Scotland Yard probes London mayor s Iraqi cigar case
Scotland Yard has seized a red, leather cigar case from London's mayor in order to investigate whether it is a looted Iraqi artifact, officials said Tuesday.
Boris Johnson said he found the case five years ago in the bombed-out home of former Iraqi deputy premier Tariq Aziz while in the country as a reporter.
He spotted the case peeking out from beneath a piece of plywood when he was brought to see what looters had done to the villas of Saddam Hussein's regime, Johnson wrote in a column published Tuesday in the British newspaper the Daily Telegraph.
"The circumstances in which I came by this object were so morally ambiguous that I cannot quite think of it as theft," the London mayor writes.

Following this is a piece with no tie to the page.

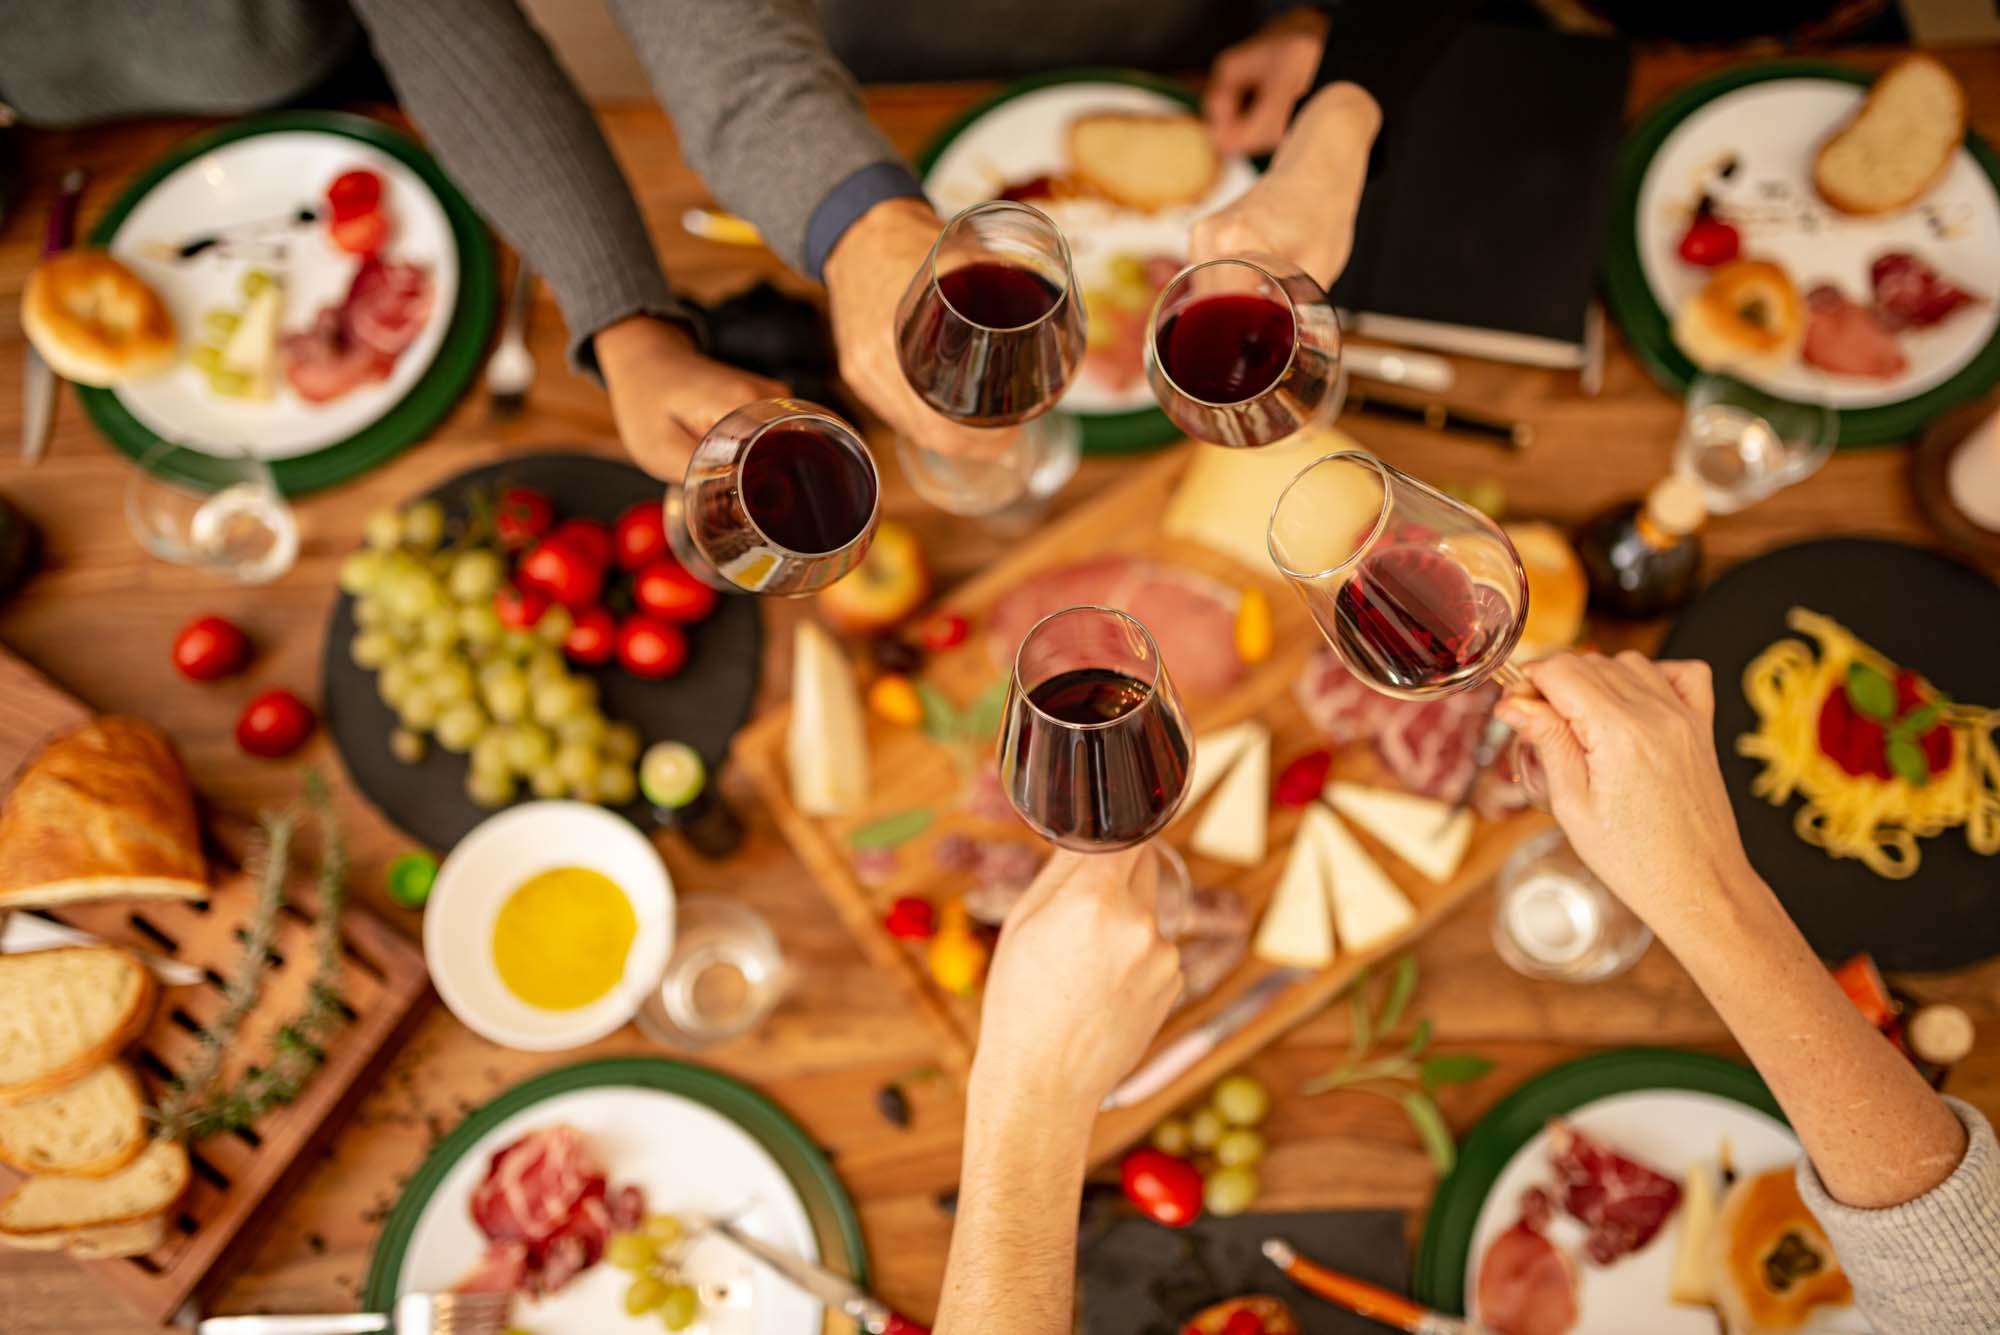 Corsi Di Cucina Eventi Aziendali a Brescia

The city's police force confirmed Tuesday that it is investigating the cigar case because it is "believed to be a piece of Iraqi cultural property."

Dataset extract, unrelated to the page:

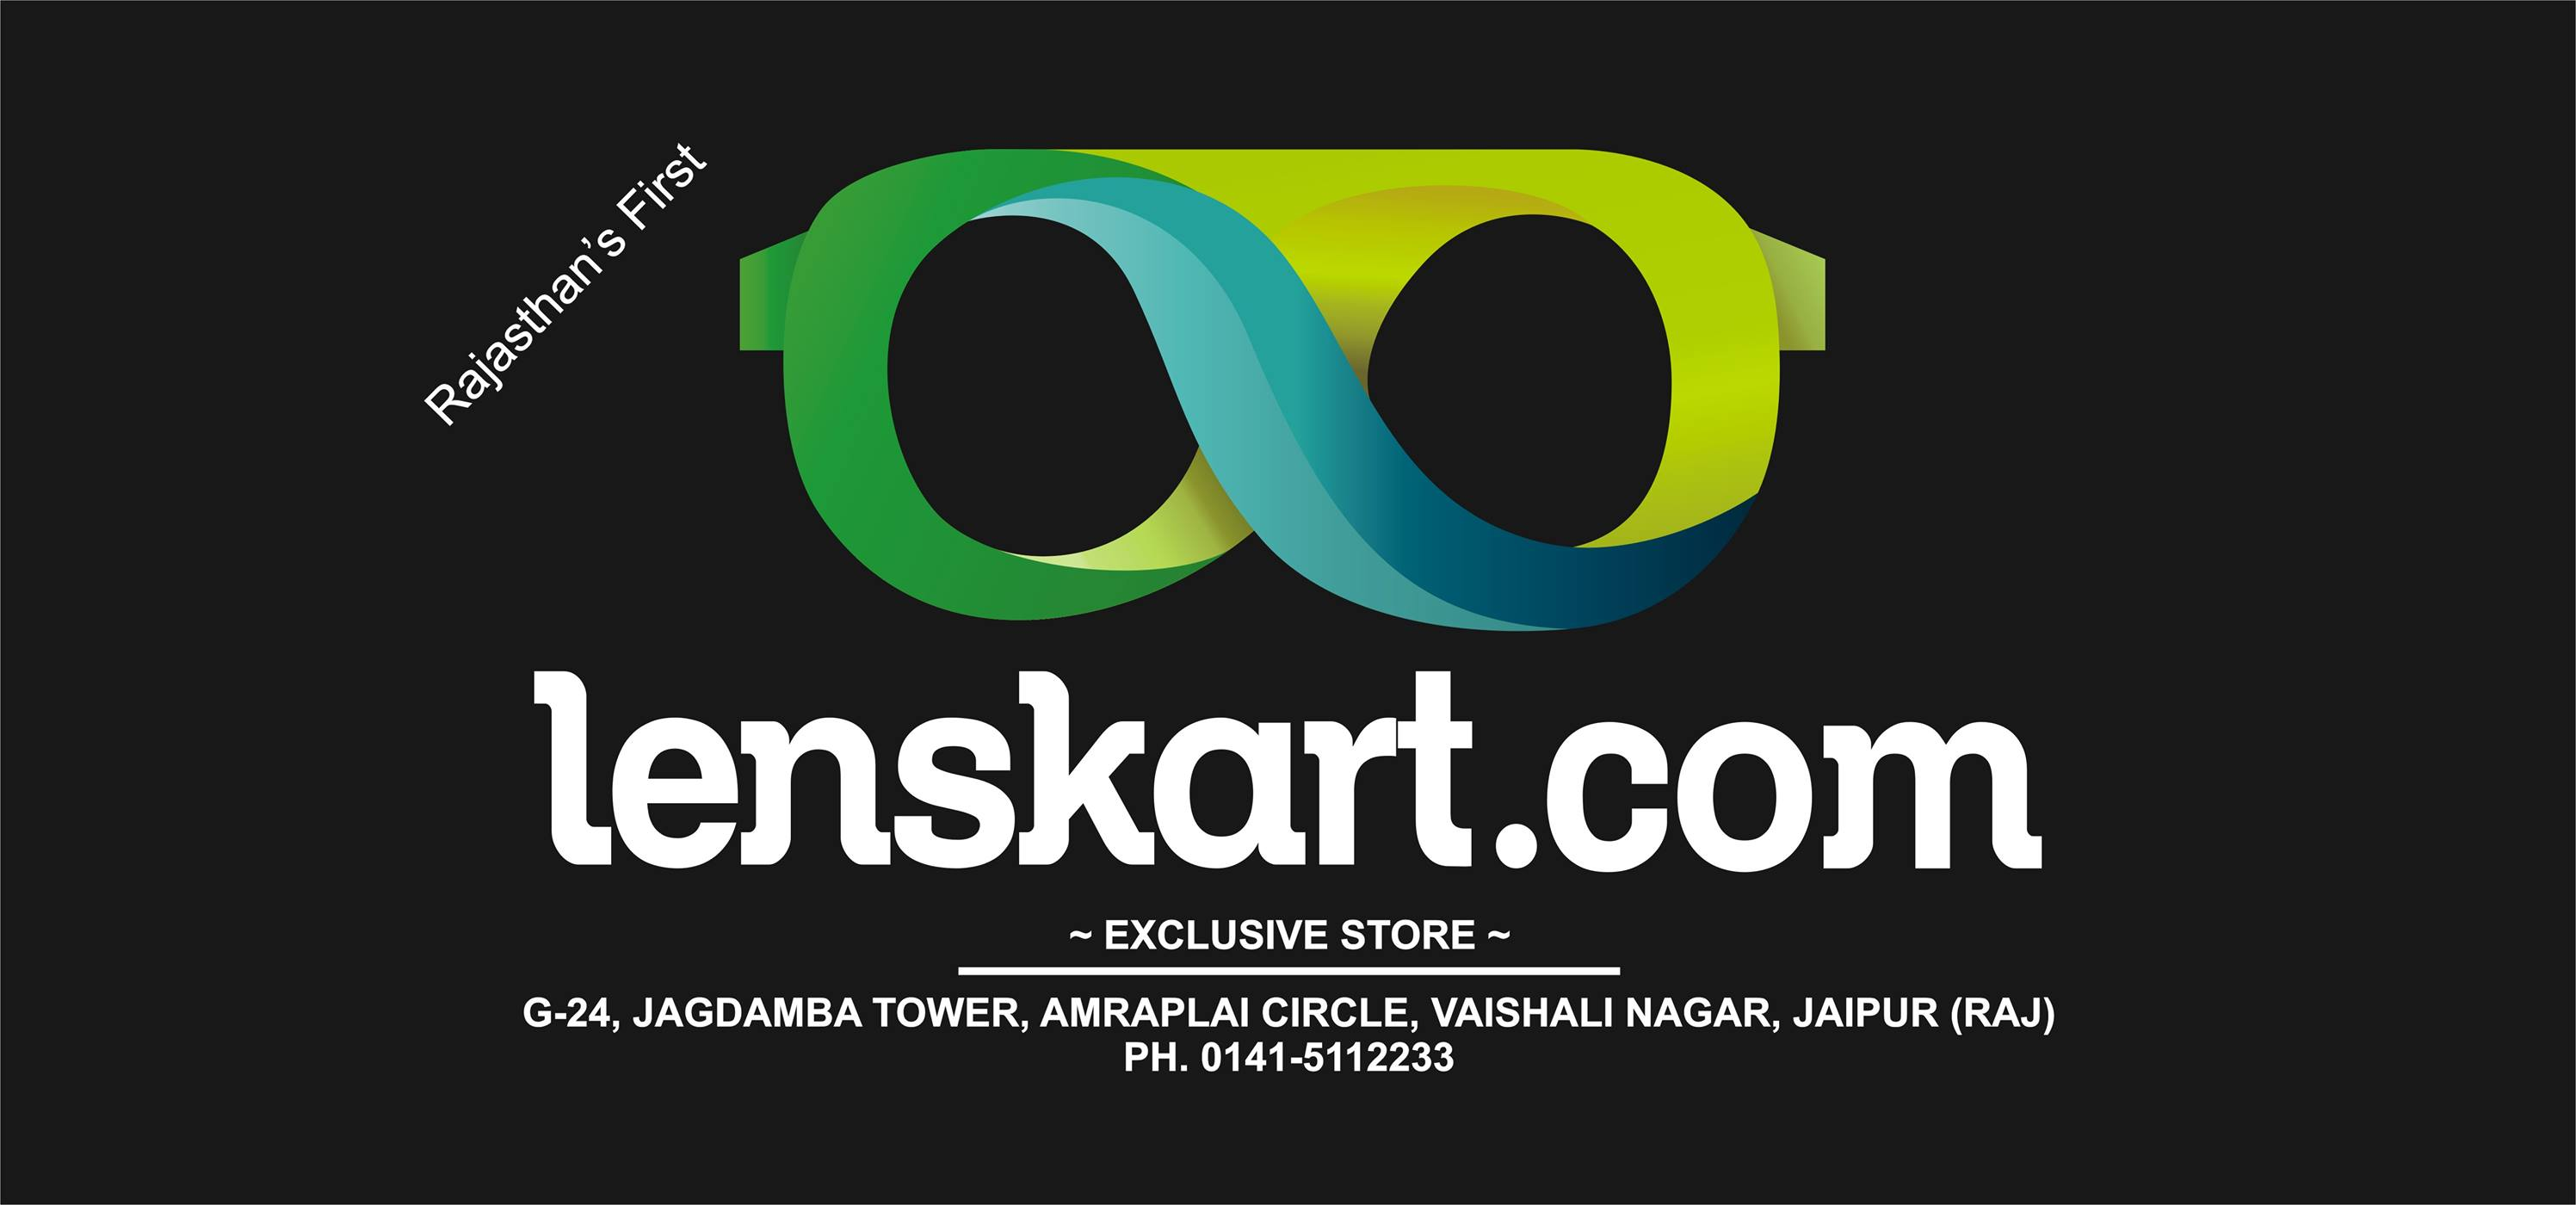 First Lenskart Store in Rajastan

Under the UN resolution adopted in the UK in 2003, anyone possessing Iraqi cultural property must hand it over to the police and failure to do so is considered an offence unless there is proof the person was unaware the property was illegally removed from Iraq.
Johnson said he handed over the red, leather, coarsely stitched case to police on Monday, but called the investigation "ludicrous" and a waste of money.
He also said he has received a letter from Aziz's lawyers saying the former Iraqi politician wanted Johnson to consider the cigar case a gift.
Mayor accuses Labour Party of triggering probe
Aziz, who is fluent in English, was the public face of Saddam's totalitarian regime and the only Christian among his mostly Sunni Muslim circle.
He surrendered to U.S. forces in April 2003 shortly after the invasion and has been in custody since under charges related to the execution of dozens of merchants in 1992.
Johnson, a Conservative politician who has also worked as a journalist and TV quiz-show host, accused members of Britain's governing Labour Party of triggering the investigation.
Johnson wrote a newspaper article about the cigar case back in May 2003.
Labour Party lawmaker Steve Pound questioned Johnson's pledge to be tough on crime when he is being investigated for "pilfering."
"Boris has been banging on from day one about zero tolerance, but zero tolerance seems to be a selective concept," Pound said.
Johnson ousted the Labour Party's Ken Livingstone in the mayoral election last month.